* _What to produce_:
The data below should be restated word for word, pictures omitted.

* _Material provided_:

————

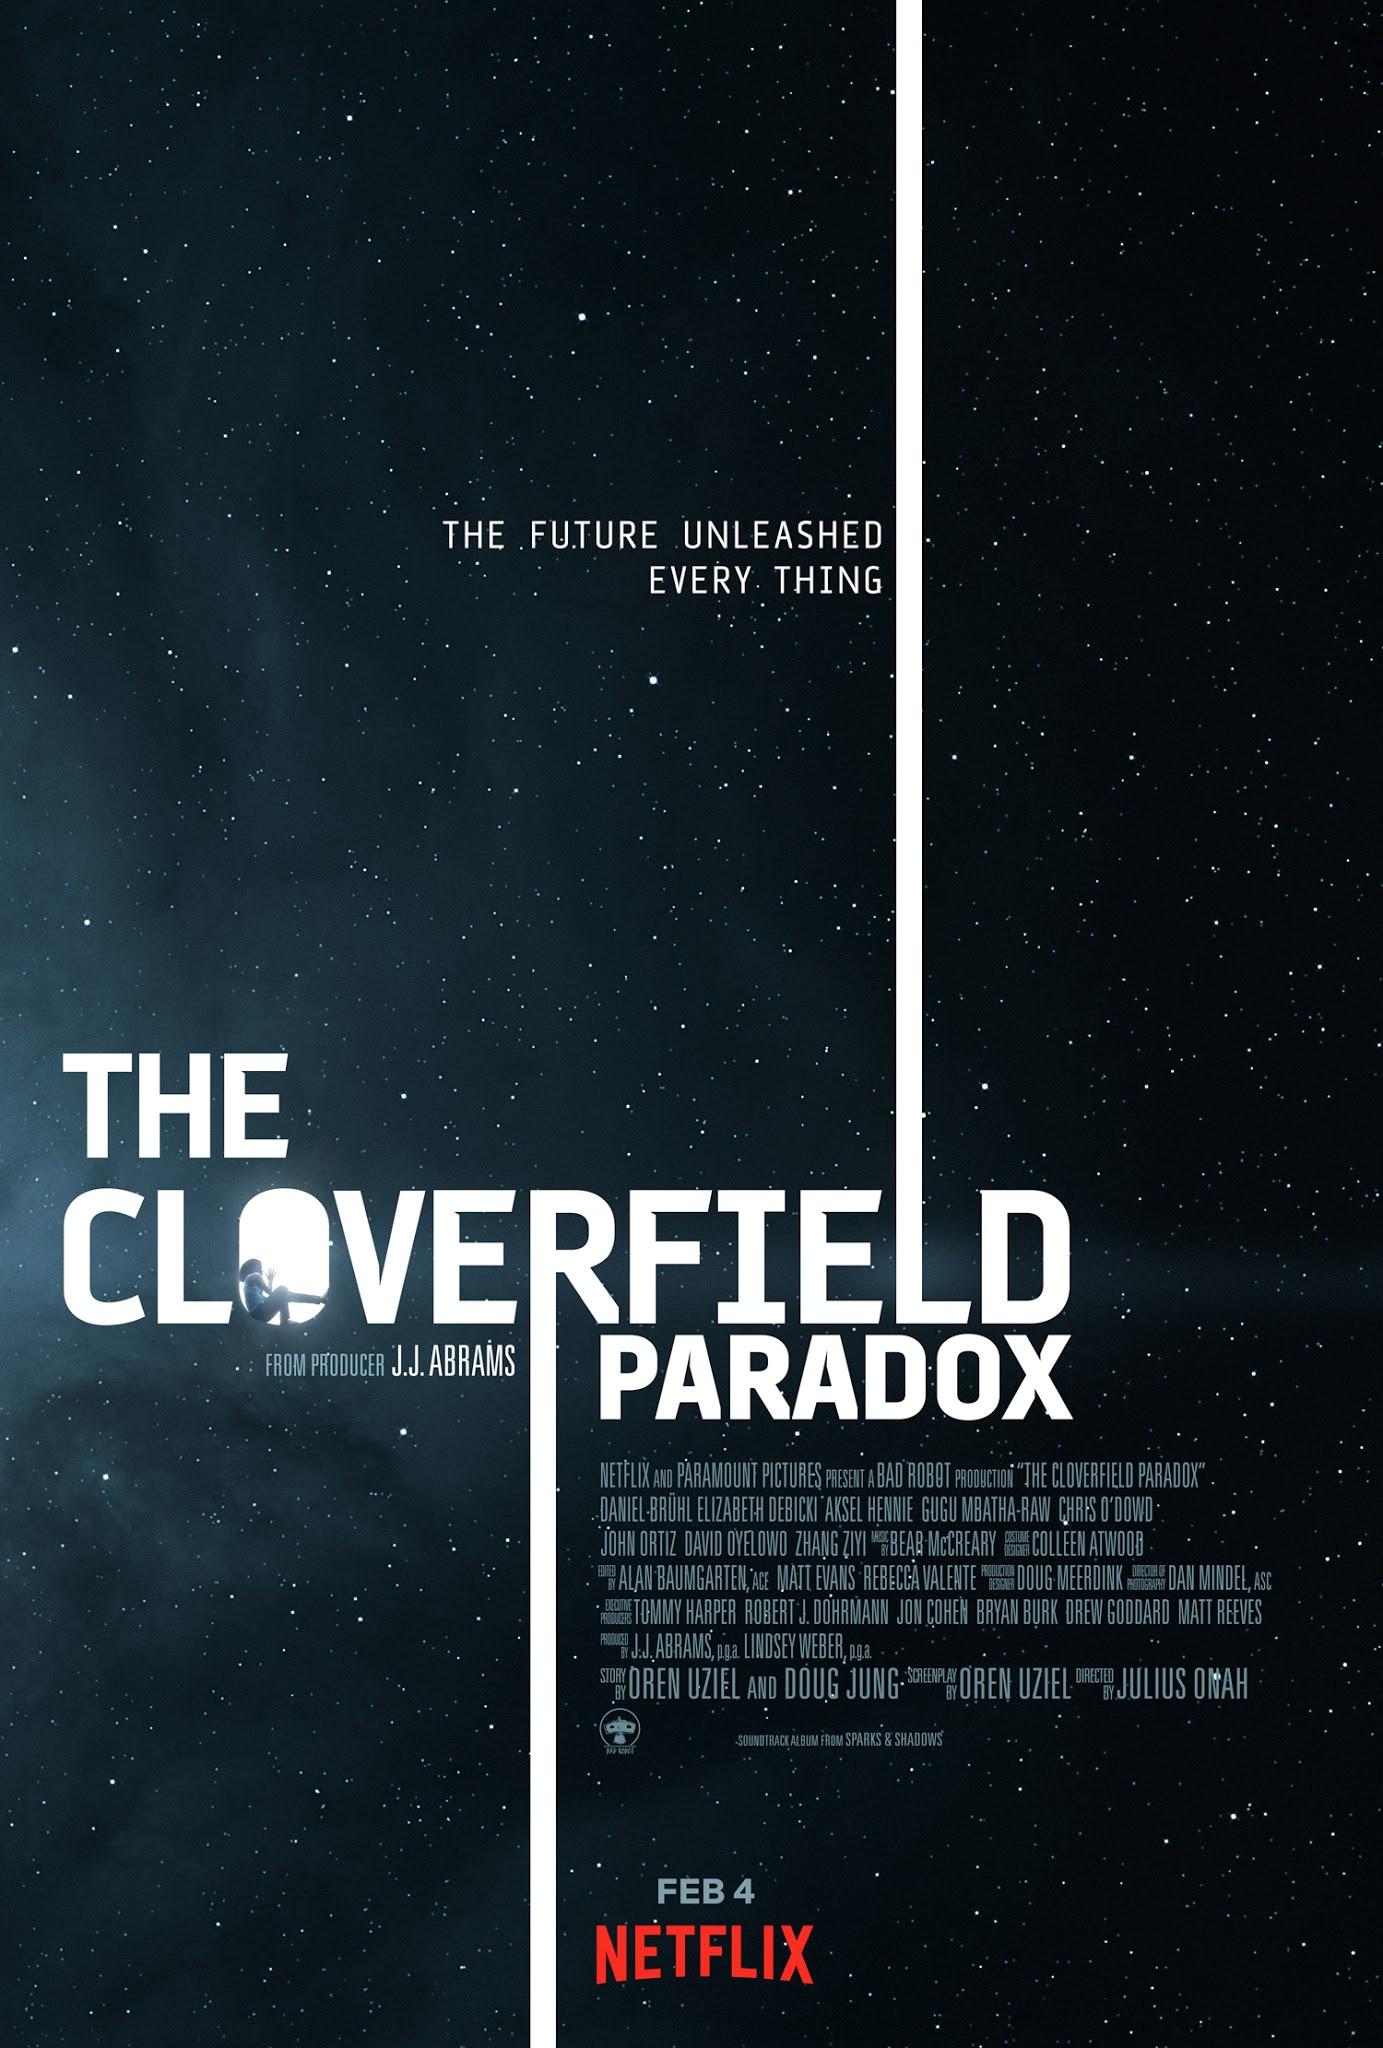 paradoks cloverfield recenzja filmu netflix j.j. abrams
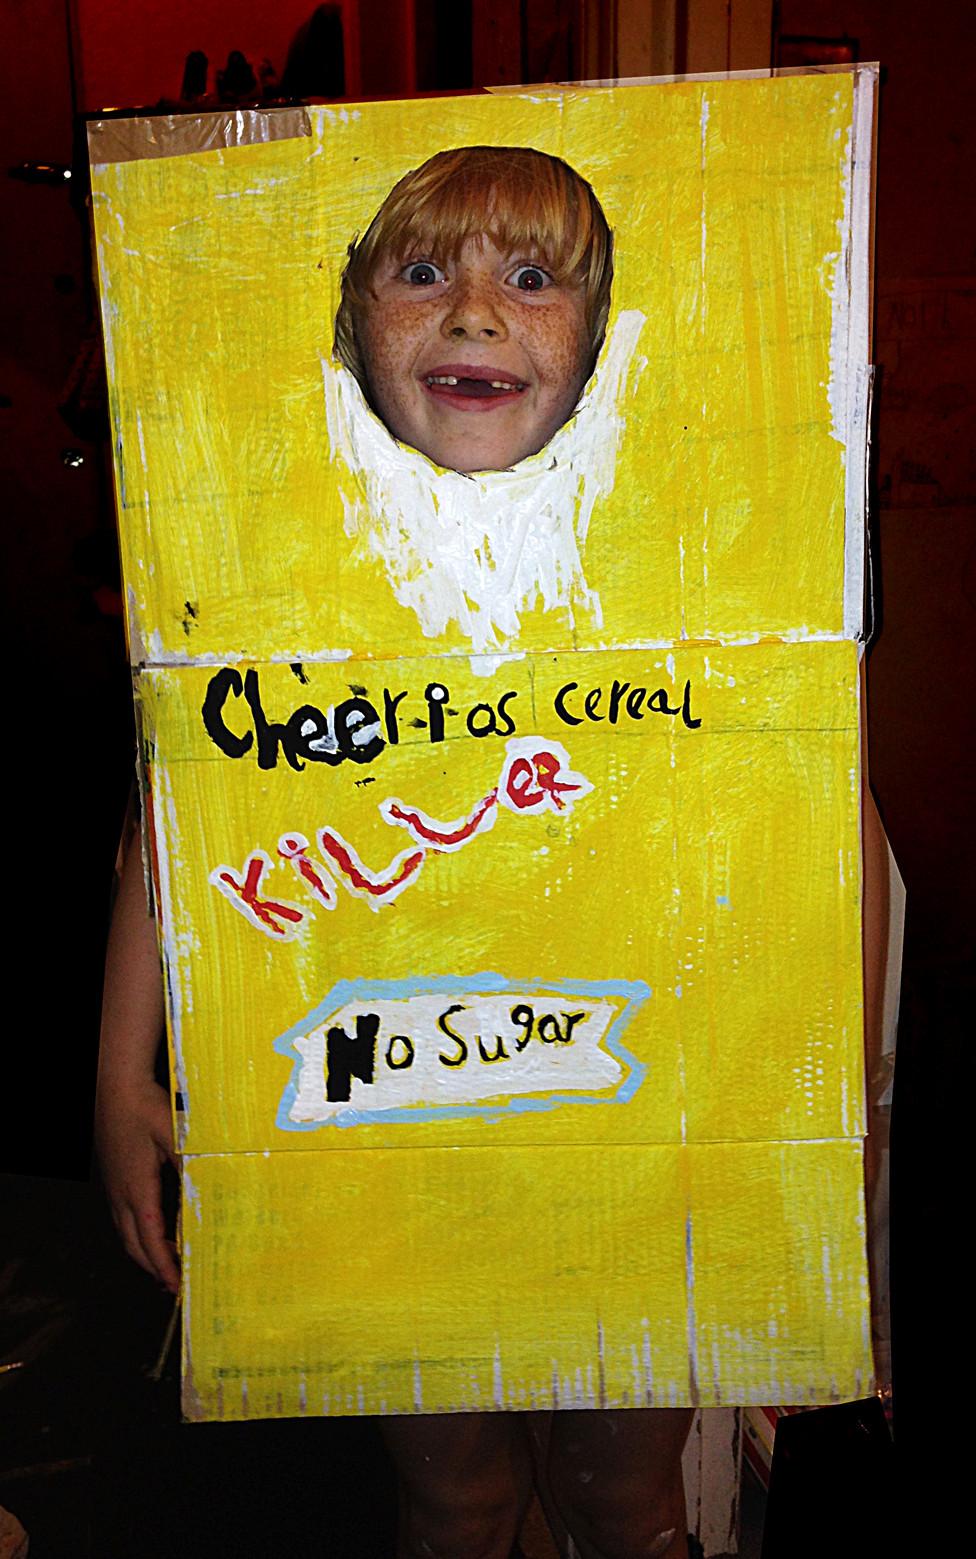 cheerio cereal killer Halloween costume
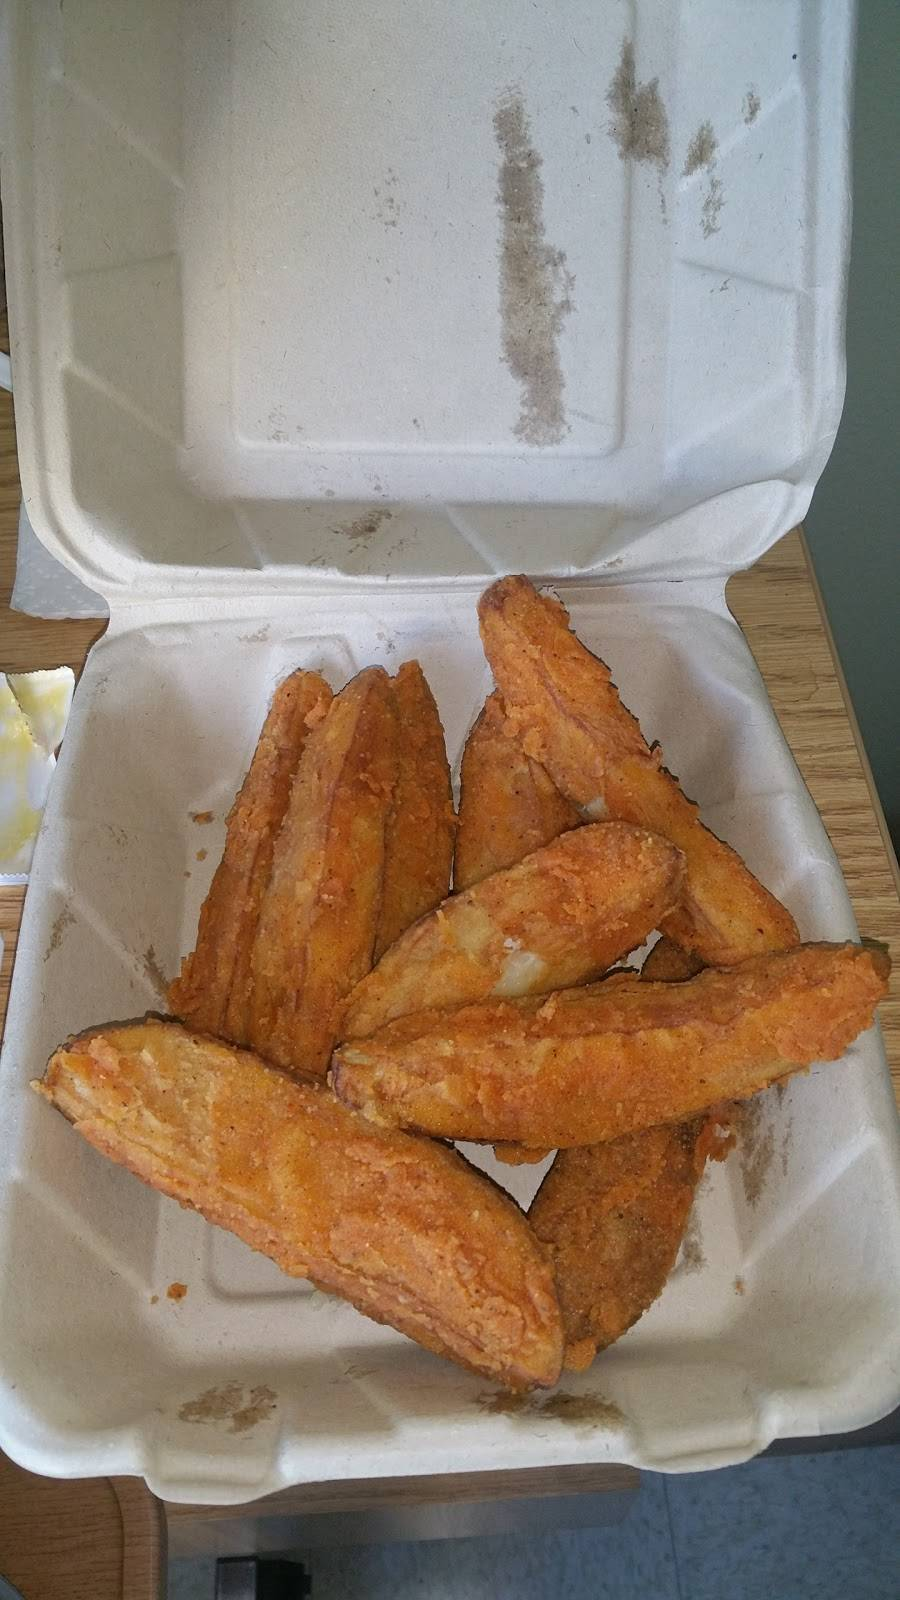 Kings Deli & Grocery - meal takeaway  | Photo 6 of 9 | Address: 2800 E Cherry St # C, Seattle, WA 98122, USA | Phone: (206) 720-5204
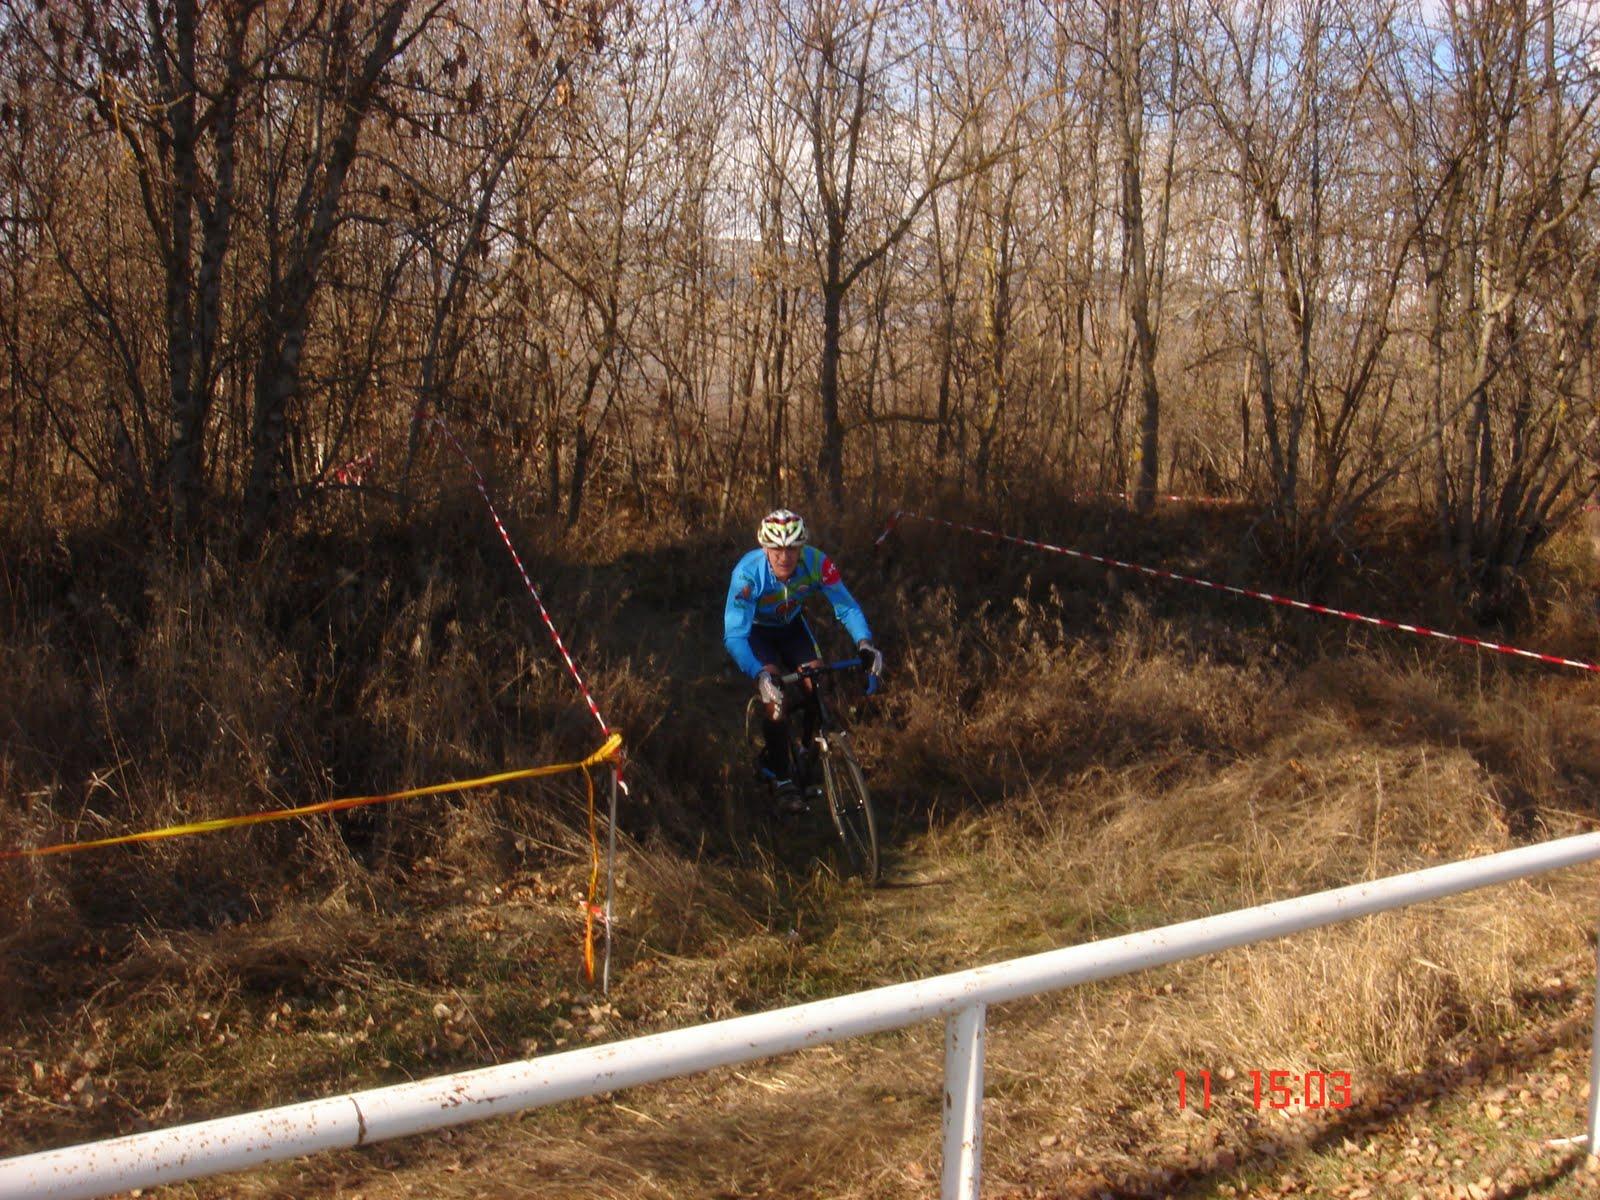 ... cyclocross que feian a bourg madame (frança) el costat de puigcerda

————

* _Response area_:
 paradoks cloverfield recenzja filmu netflix j.j. abrams
 cheerio cereal killer Halloween costume
 Kings Deli & Grocery - meal takeaway  | Photo 6 of 9 | Address: 2800 E Cherry St # C, Seattle, WA 98122, USA | Phone: (206) 720-5204
 ... cyclocross que feian a bourg madame (frança) el costat de puigcerda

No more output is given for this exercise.